PATIENCE


I live by night. Something in me comes alive when walking in the dark by the sea. It sets me thinking - free of the distractions that teem in daylight. There's an ascent, a transcendence that happens here in this place at this time.

Waiting! God waiting patiently for me to change my ways and i wait impatiently for the consolation promised in the prophecy of Isaiah - not so much for myself just now but for all Who desperately need it's fulfilling, for the whole world that needs it. I am perhaps impatient for the fullness of Christ to be revealed. I would dearly love it. Dearly love to be ready for that moment!

My impatience nowadays is generally reserved for the computer in the Office that is impossibly slow. It used to be driving that threw me into a rage but I drive less now and do so with relative calm.

So, it's the computer I get mad with now, shout at it, say things that I shouldn't and am somehow diminished in the process.

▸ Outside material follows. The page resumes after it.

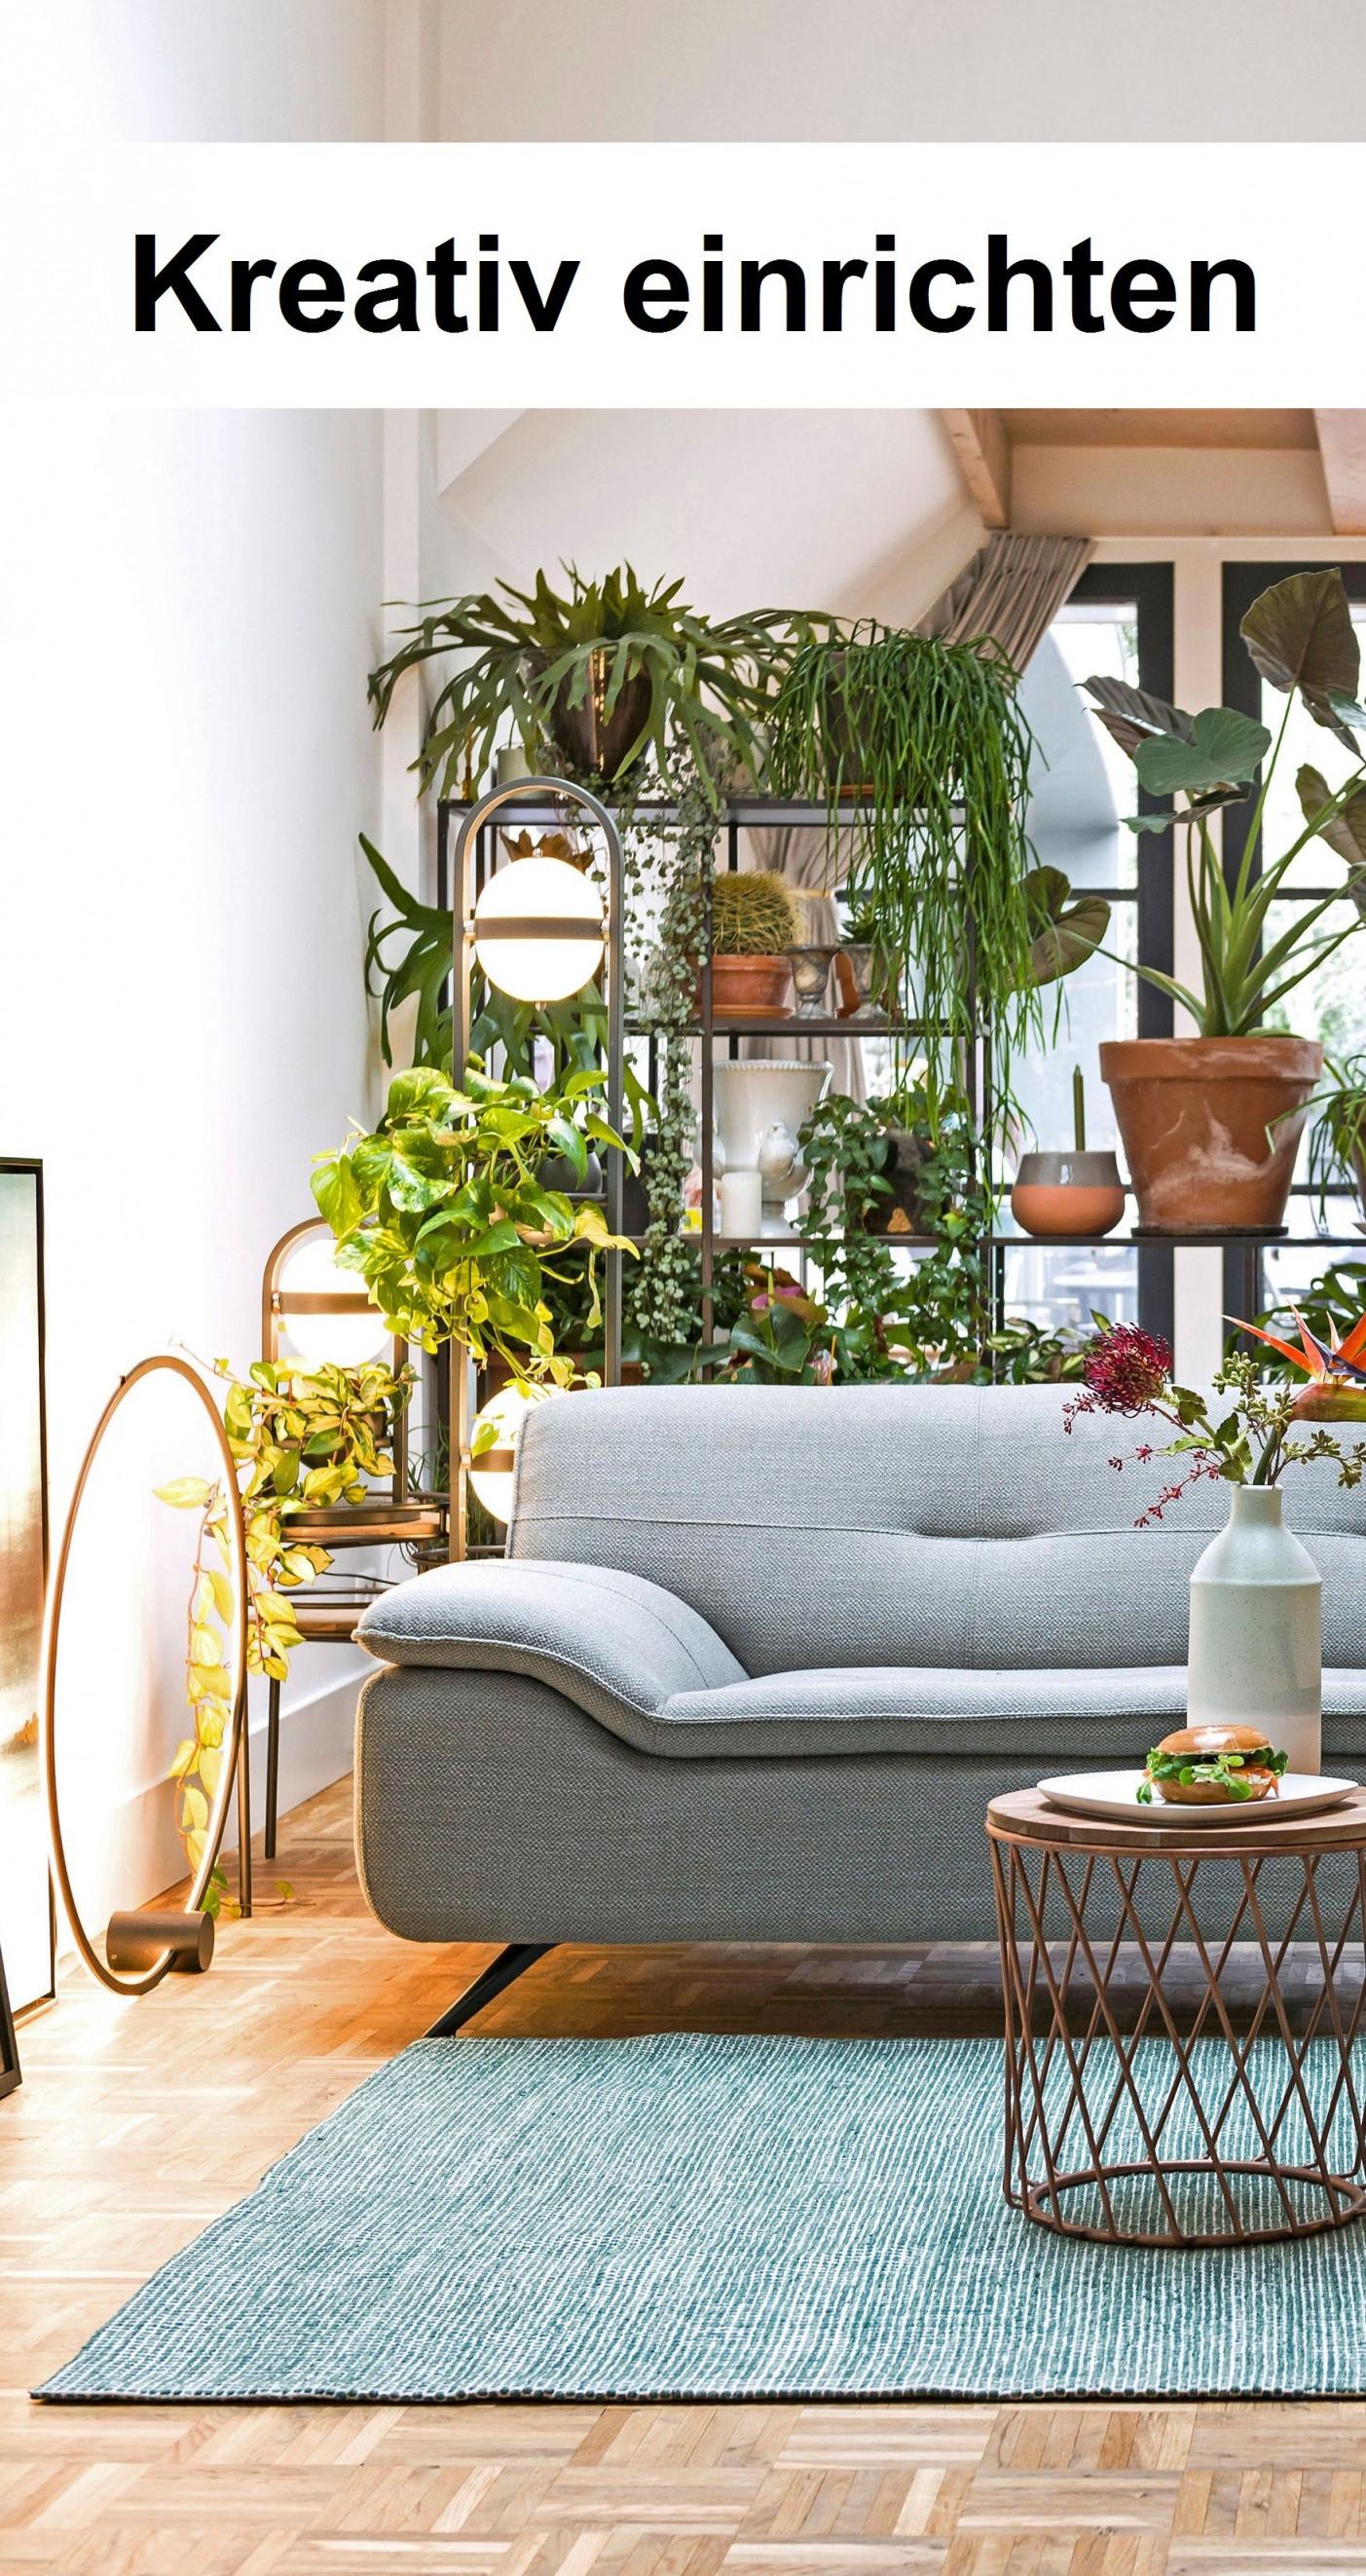 5 Tipps Wohnzimmer Kreativ Einrichten In 2020 (Mit Bildern von Wohnzimmer Kreativ Gestalten Photo

It's a useless and futile impatience - except maybe it's a way of letting off steam. But there is a call to find an alternative, to prepare in my heart a place for something better, to prepare a way for Jesus to redeem whatever it is that makes me react as I do.

If the truth be told I'm impatient with myself for not being who and what I could be. Like Poirot in the recent version of 'Murder On The Orient Express' I see the world as it should be, not as it is. That's how I see myself and, though that might appear to be something of a curse, I see the blessing in it because it keeps me striving, moving.

Thankfully I have arrived at the wisdom of the addict, knowing that I cannot save myself. There is only One Saviour and it is for me to prepare a place for Him within myself, to clear away what I can of the interior clutter.

The Prophecy of Isaiah and John the Baptist; the Good News of Jesus is for our time, our society, our community and family. But it begins where all change, all justice, all peace begin - in every single human heart and soul and mind.

The clutter that needs to be cleared in me is the futile impatience that I've spoken about and I sense that the alternative, the solution is already within me.

God seems to be leading me to a childhood experience in Aran, a place that is one of the central sources of nourishment in my interior life. It is an experience of peaceful patience, a patient watchfulness that is the call of Advent.

This is not a return to former innocence; it is not simply something of the past. It is here and now that I am led to access a present interior alternative.

I am the boy who is shepherded by the warm and saintly Mary Ann McDonagh. I play alone on the beach in Kilronan. She calls to me from the front door of her pub and takes me to her kitchen where we pray - with her sitting in a chair by the table and I kneeling, hands resting on her lap.

After prayer there was tea and Kimberley biscuits and then she would take me to the window in the pub that looks out over Galway Bay. My job was to watch out for the steamer, the ship that sailed the three hour journey from Galway.

No one knew the time of departure because there was no timetable. The Naomh Eanna left when she was fully loaded with the food and other supplies that were necessary for life on the island.

So my waiting was a long process which I undertook obediently and patiently. For a couple of hours I would simply watch the sea until the ship appeared as a tiny dot on the horizon. I got to know the sea and my gazing became the training for the contemplative part of my soul.

I go back to that experience in order to reawaken the childhood patience that still resides within and I come to peace now when I go back there.

There is of course an impatience that is good and holy such as our impatience for the rights of the homeless and the poor of our town; an impatience with the system that keeps them there; an impatience with ourselves to do something more than provide the night shelter and food we offer once a week. This kind of impatience needs to be expressed effectively so that the right thing is done for those who need it.

Comments

  1. The impatience with the computer resonates with me as does that same computer wont accept my password sometimes! Thankfully you have stressed the real impatience which we all should have that is our impatience for the rightsfor the Poor and Homeless.